Broader Implications for Pediatric Oncology

The implications of Dr. Lee’s research extend beyond Ewing sarcoma. If the IL-18-enhanced CAR T-cell therapy proves successful in clinical trials, it could serve as a blueprint for treating other recalcitrant solid tumors in children, such as osteosarcoma and neuroblastoma. These cancers share similar challenges regarding the tumor microenvironment and the need for targeted, less toxic interventions.

Furthermore, this project represents a shift in how pediatric cancer research is prioritized. Because pediatric cancers are considered "rare" compared to adult cancers, they often receive significantly less funding from pharmaceutical companies. The role of organizations like CureSearch and the Rally Foundation is essential in de-risking early-stage research, making it more attractive for future large-scale investment and commercial development.

The focus on "targeted, less toxic" therapies is also a response to the growing awareness of "survivorship" issues. As more children survive their initial cancer diagnosis, the medical community is increasingly concerned with the quality of life after treatment. Immunotherapies like the one proposed by Dr. Lee offer the potential for a "cleaner" kill of cancer cells, reducing the collateral damage to developing organs and systems in growing children.

Conclusion and Future Outlook

As Dr. John Lee and his team at UCLA begin the next phase of their research, the pediatric oncology community remains cautiously optimistic. The combination of cutting-edge genetic engineering and the potent biological signaling of IL-18 represents one of the most sophisticated approaches to Ewing sarcoma to date.
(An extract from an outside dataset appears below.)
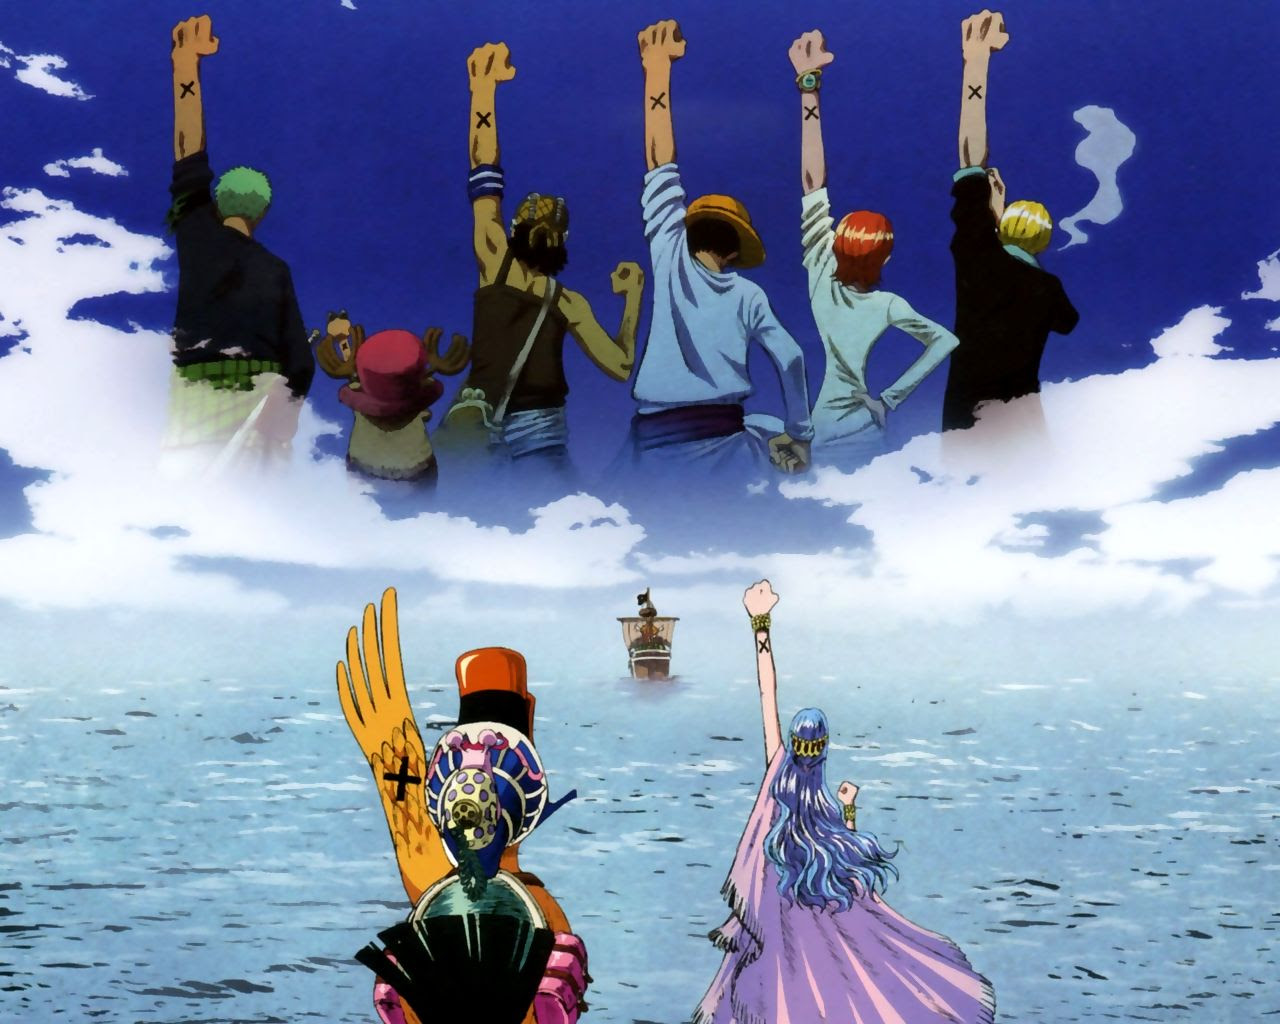 上one Piece 壁紙 シンプル アニメ画像について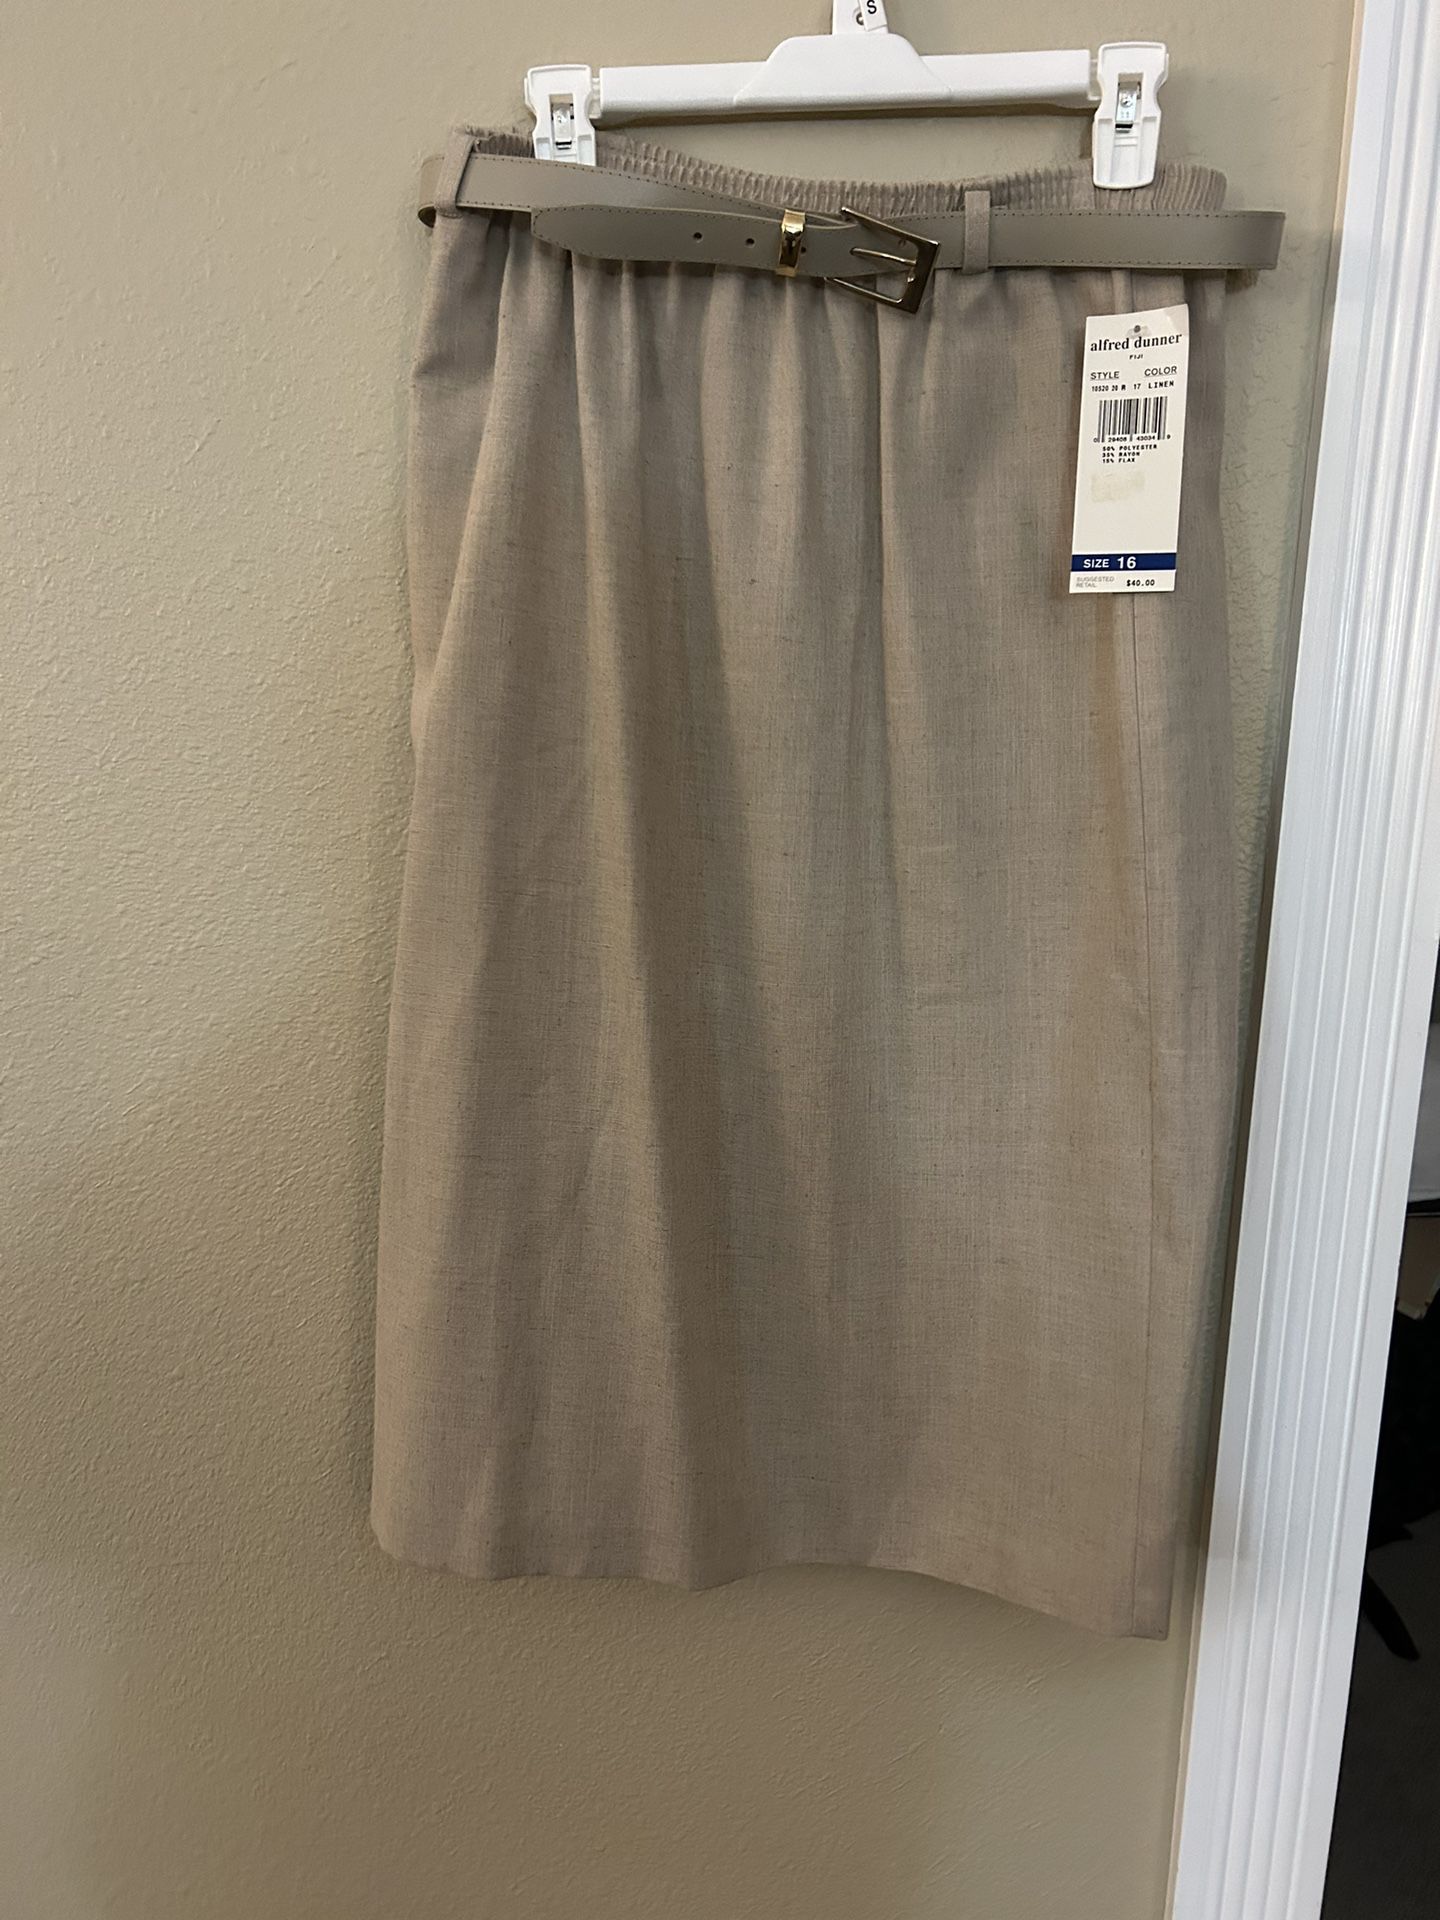 ALFRED DUNNER Women’s Pull-On Skirt w/ Belt, NWT, Size 16

With the backing of CureSearch and the dedicated support of families through legacy funds, the project is well-positioned to meet its ambitious goal of reaching the clinic within three years.

For the children currently battling metastatic Ewing sarcoma, and for those who will be diagnosed in the future, this research is more than just a scientific endeavor; it is a vital lifeline. The transition from the "devastating" prognosis mentioned in current medical literature to a future of manageable, curable disease depends on the success of these innovative, accelerated research initiatives. As the project moves forward, it serves as a reminder that while the challenges of pediatric cancer are immense, the collective effort of scientists, donors, and families continues to push the boundaries of what is possible in the fight for a cure.